This article first appeared in print in the Stars and Stripes Global edition, Jan. 15, 2015. It is republished unedited in its original form.
THULE AIR BASE, Greenland — On a bitter late September day, in water temperatures at the base pier around 32 degrees, two Inuit men visiting Thule to demonstrate their culture took to the harbor in kayaks to show how they maneuver and roll and, mostly, how they stay alive.
“Cold,” said Outdlaq Qujaukitsoq as he splashed water on his face before executing rolls in the frigid water. “Next year, we do this in August.”
The day before, Mads Ole Kristiansen, from nearby Qaanaaq, came to Knud Rasmussen’s Community Center on Thule to explain traditional hunting practices to an appreciative crowd of 50 U.S. and Canadian military members, as well as the Danes who support them.
Both visits were part of a series of events designed to keep the people here from going stir crazy. Other distractions include movies, a hockey tournament and allterrain vehicle rides to the local waterfall.
Kristiansen shared his heritage with the crowd, his English halting.
“I was born in ’60, and that time, every Inuit boy, he must be doing with hunting,” he said. “And I was 8 years old. I was beginning with my father to fishing and hunting.”
He occasionally looked to fellow Greenlander and community center employee Helene Nielsen for help with a word, but the 54- year-old offered a 45-minute talk on Inuit hunting techniques.
As his daughter, Aviana, 5, and son, Suikkaq, 2, flitted around the room, playing under the pool tables, Kristiansen talked about the different seasons of hunting, quotas on how many of each animal he could kill in a season and how each was hunted.
Most Inuit retain their traditional first names but have Danish family names, the result of Danish priests ministering to the families starting in the early 20th century. They live and hunt much as their ancestors did.
“From my heart, I understand my past,” Kristiansen said. “They live here in high Arctic, and they hunt walrus, narwhal, polar bear and seal. ... Polar bear. Most important to us. Without polar bear, we are nothing.”

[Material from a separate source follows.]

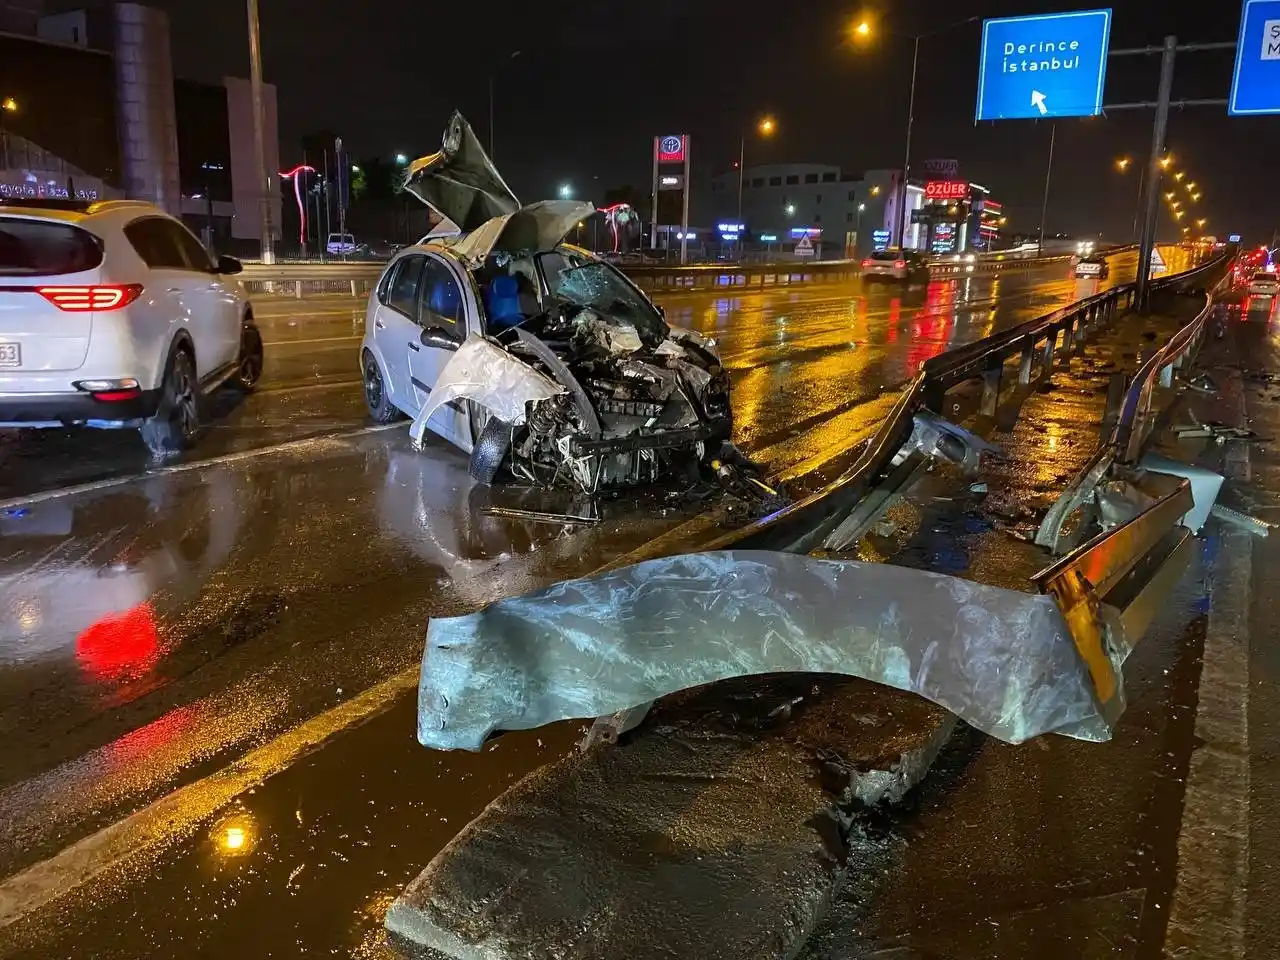 Kocaeli’de otomobil demir bariyerlere çarptı, vatandaş yaralıyı yağmurdan montuyla korudu

He talked about hunting narwhal.
“Many narwhal come in our fjord every summer, to make newborn,” he said, mentioning the national rules and quotas. “They want to keep narwhal in this area, and must be safe. No following narwhal in boat; they must be hunting in kayak. That why in 2014, there still narwhal in our fjord.”

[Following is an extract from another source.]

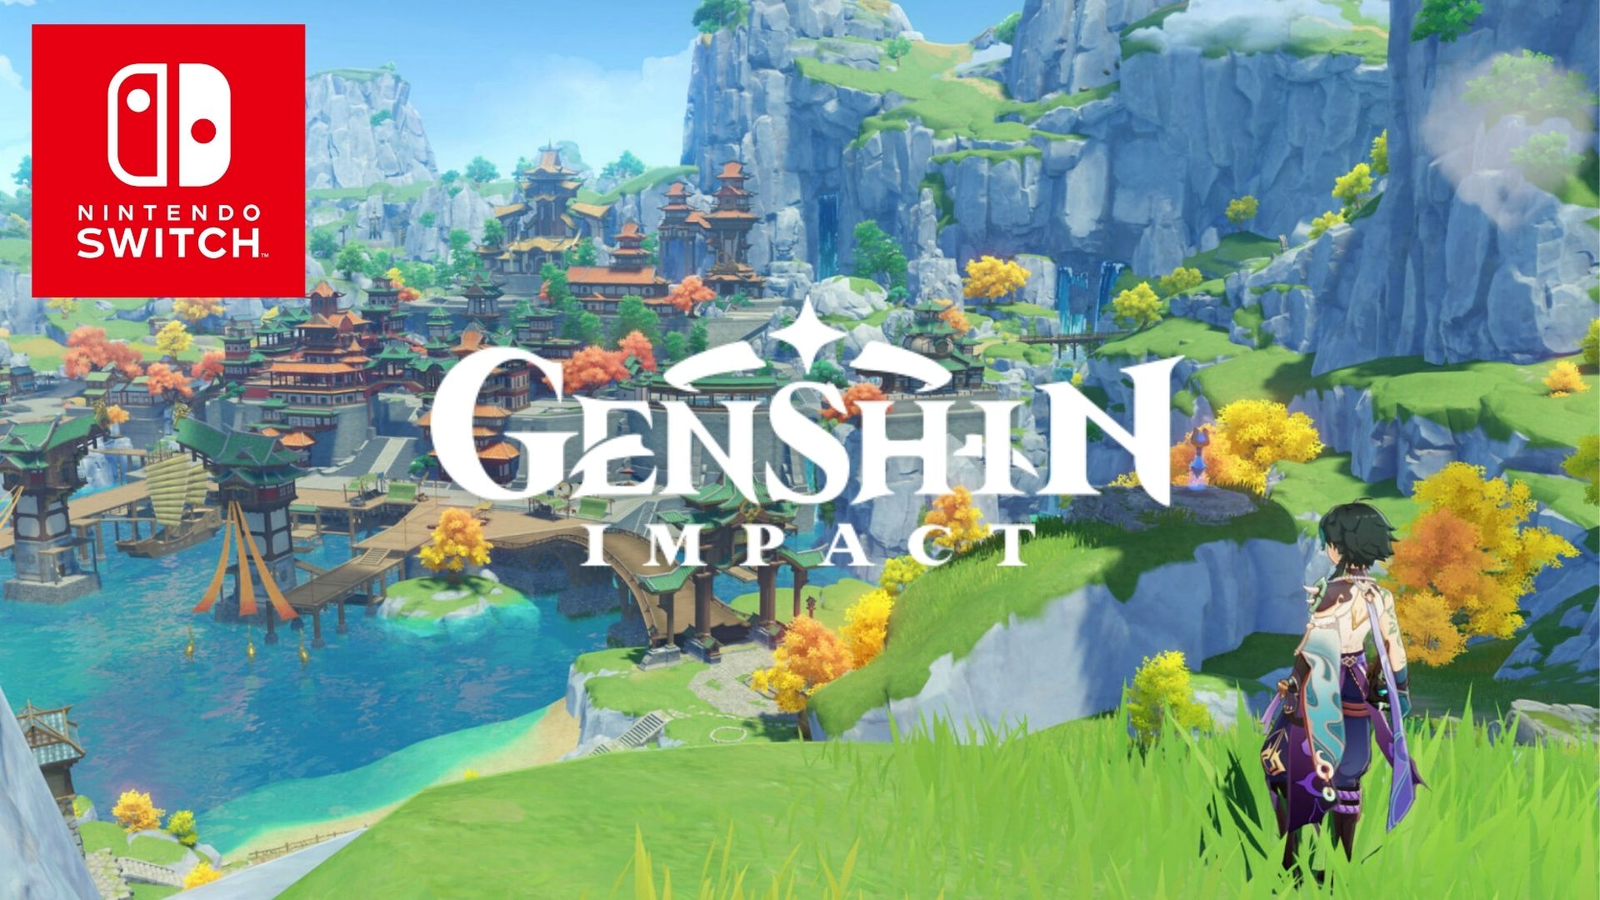 Genshin Impact é anunciado com lançamento em 2020

He picked up a harpoon, the tip of which comes off when it enters the narwhal. It is attached to a rope, and at the other end is a balloon made of seal skin. The narwhal is easily tracked and becomes exhausted.

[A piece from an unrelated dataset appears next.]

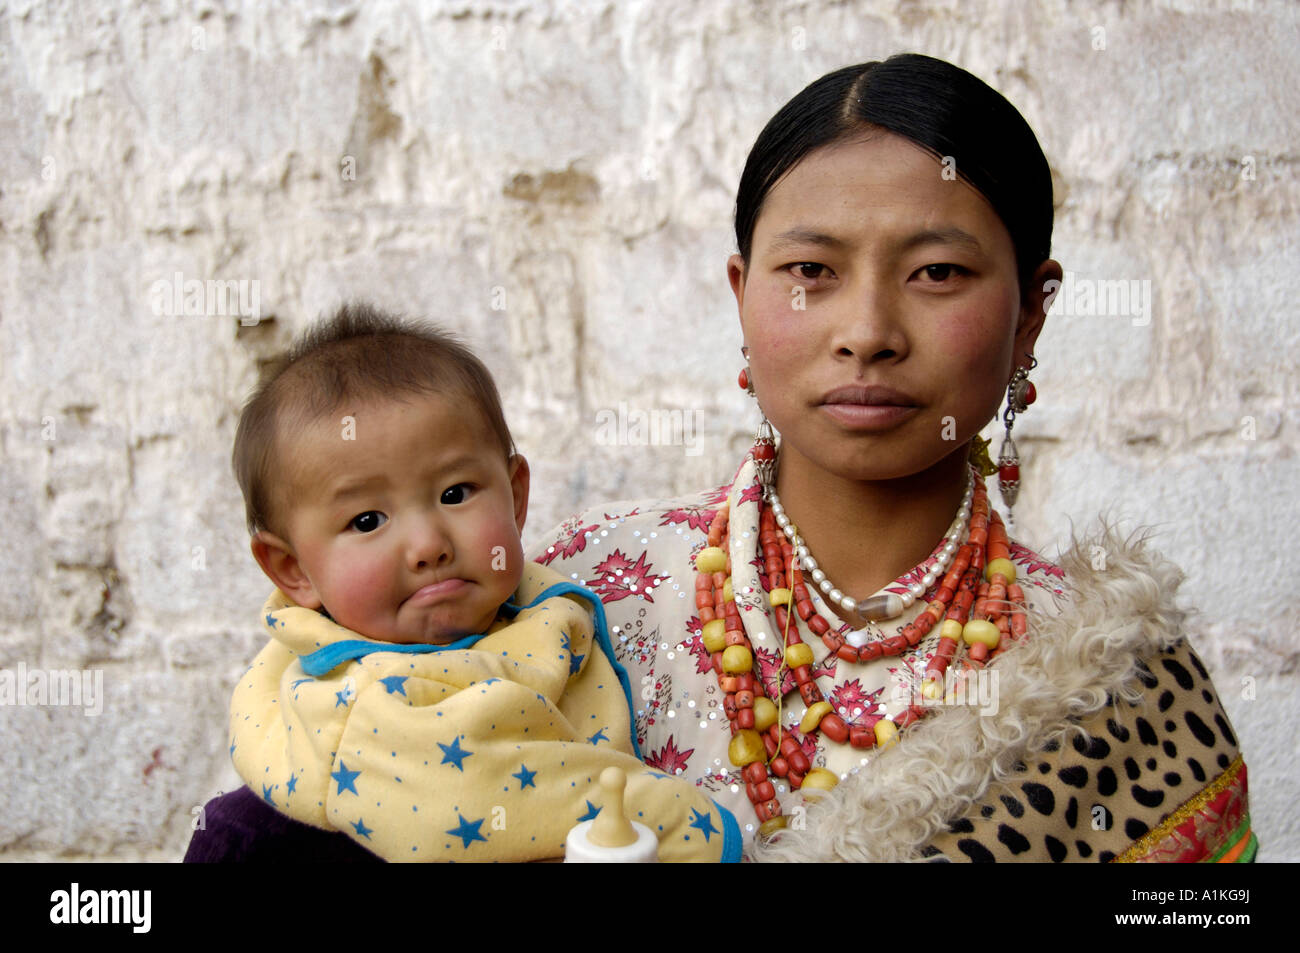 Une femme tenant un bébé tibétain à Lhassa Tibet 19 OCT 2006 Banque D'Images

At the pier, the Inuit men were selling narwhal meat, as well as that of seal, musk ox and beluga whale — all laid out on plastic sheets.
The community center also had arranged for Thule personnel to sample some seal stew — a bit gamey but not unlike beef or venison — and narwhal soup, which did not have much taste, with onions and potatoes mixed in.
One Danish nurse, Karina Nielsen Kastberg, bought a five-pound hunk of musk ox.
“It’s good as steak, or minced. It’s like tasting heaven,” she said.
Soon the group of about 10 Inuit men and women began packing up and getting ready to set out for Qaanaaq, 60 miles north. In three days, it would be walrus season.